= Pulsing (bodywork) =

Pulsing is a rhythmic, movement-based somatic therapy that can be classed as a form of post-Reichian bodywork. It uses a very gentle and nurturing approach in an attempt to increase body awareness and sensitivity.

== History ==
Pulsing was developed in the late 1970s by Curtis Turchin, a practitioner of Postural Integration (PI). After seeing Dr Milton Trager, founder of the Trager Approach, demonstrate his movement-based bodywork at the Esalen Institute in the mid-1970s Turchin was inspired to develop a systematic approach that he called Pulsing.

== Forms and practice ==
It involves the application of pressure and movement (stretching, lifting, shaking, rotating and swinging) to the soft tissue of the body (skin, muscles, tendons, ligaments and fascia) within a continuous soft rhythmic rocking. The client is encouraged to be passive - in the sense of not trying to do anything, but allowing the body to relax into the movements. This in itself quickly highlights areas of muscular tension and holding.

Children and adults will often rock themselves when distressed: there appears to be a deep comfort and security to be found in gentle movement. With its flowing and wave-like movements, Pulsing perhaps recalls a body-memory of the foetal experience in the womb, where the baby is constantly subject to rhythmic pulsation, or of being cradled and rocked during infancy.
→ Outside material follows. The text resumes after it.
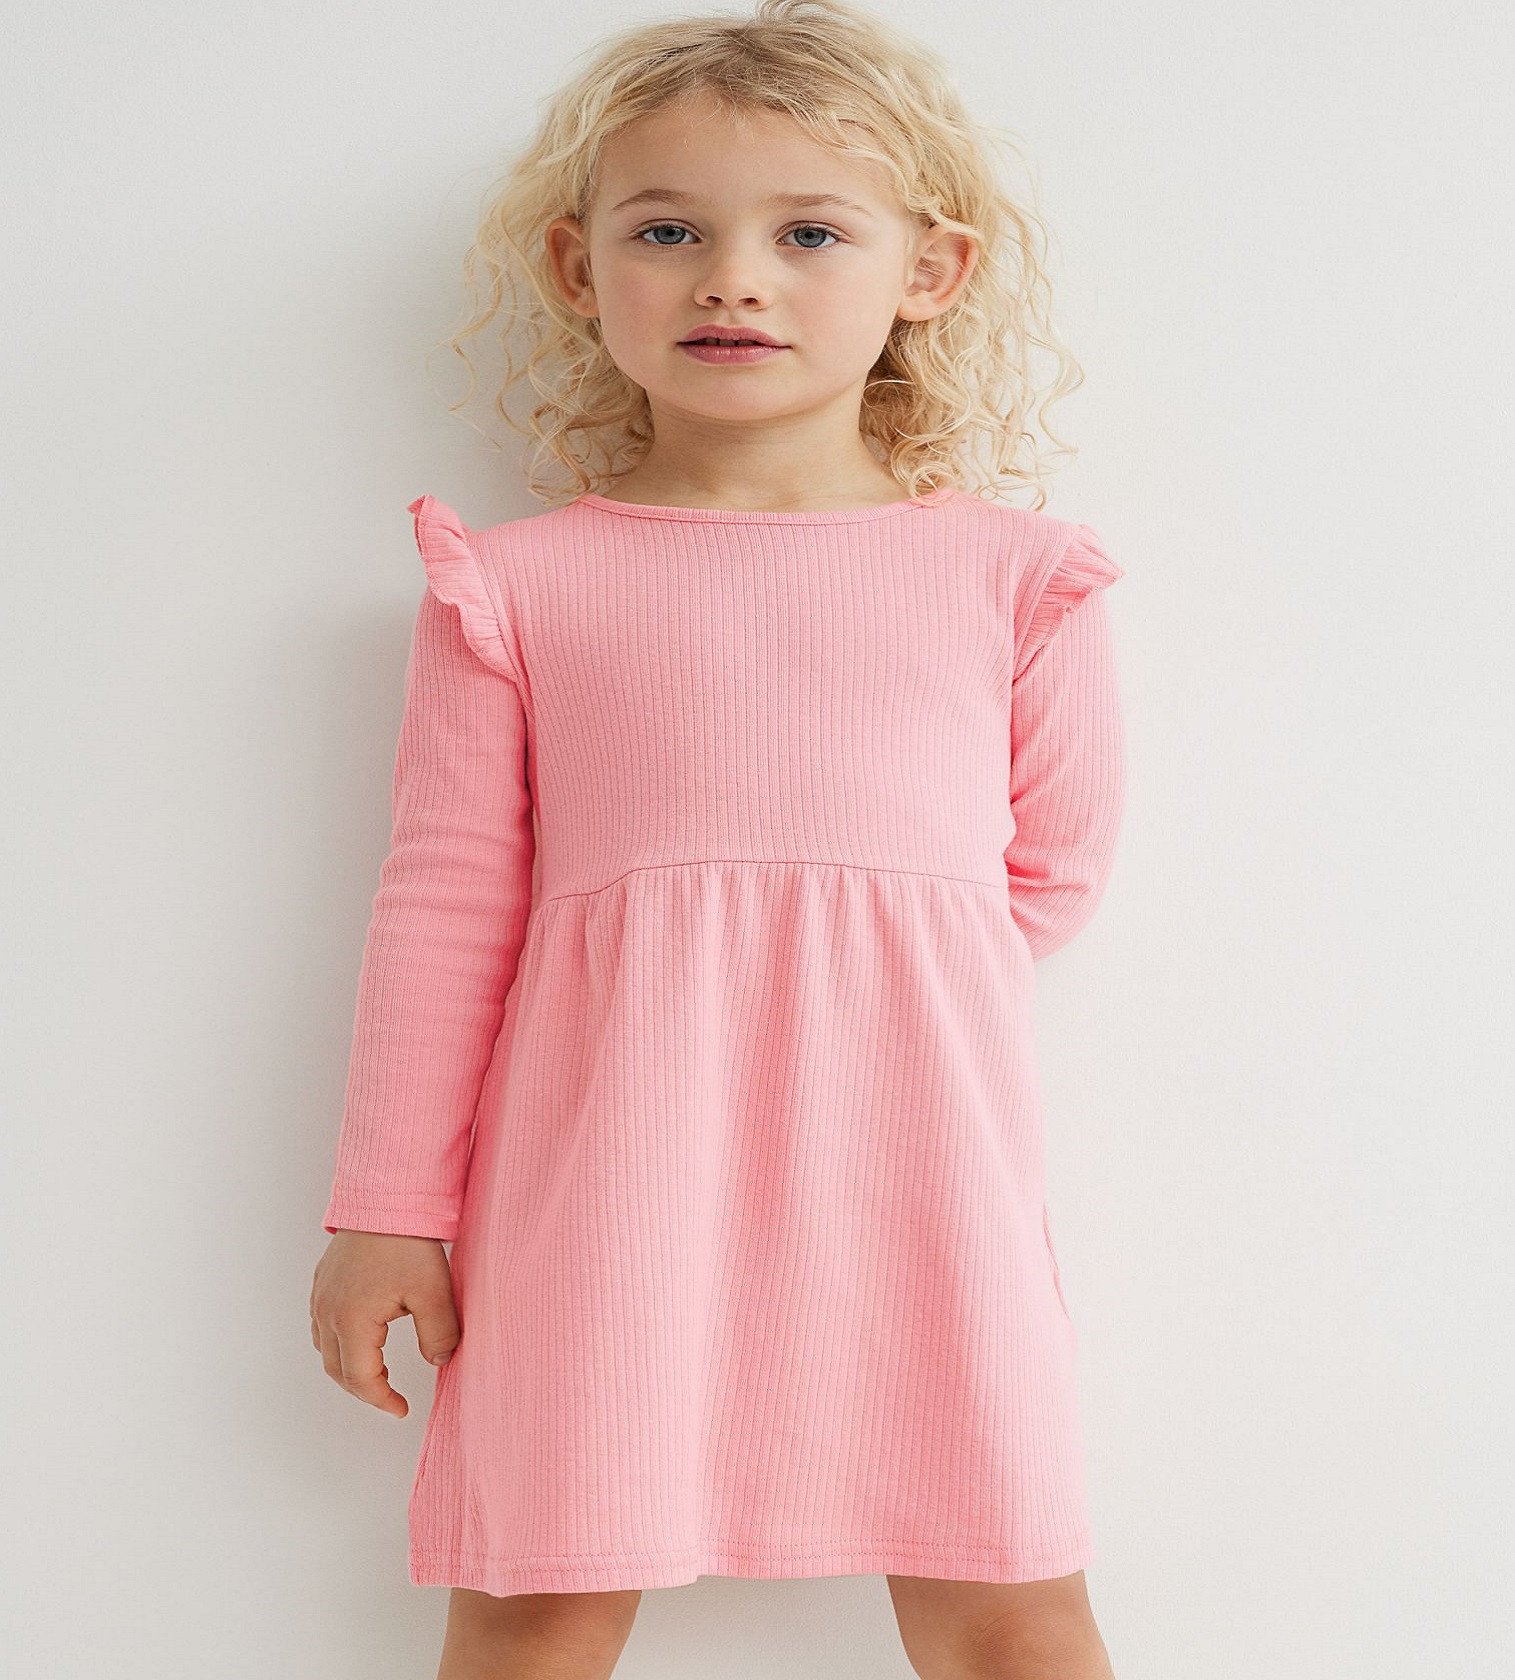 Купить Трикотажное платье в рубчик H&M Light pink - фото 1

Pulsing can take a number of forms, distinguished by the intent with which it is approached by both client and therapist (for example, relaxing, playful or as deeper emotional therapy). In the 'lighter' modes, clients sometimes experience gentle emotional release and often enter a trance-like state. Sessions usually have a deeply relaxing yet energising effect. Here the benefits may include a release of deep physical tension, an increase in flexibility and movement repertoire, and an improved general sense of well-being and energy. On a deeper level, it can also be performed explicitly as a form of body psychotherapy, encouraging the client to become aware of their emotional responses, patterns of breathing and physical areas where "they feel tense, tight, weak, uncomfortable or painful and aware of protective holding patterns". In this way clients may discover and release deeply embodied emotions. Whichever form is used, many of the effects of Pulsing occur below the level of conscious awareness and continue to resonate in the bodymind for some time after sessions.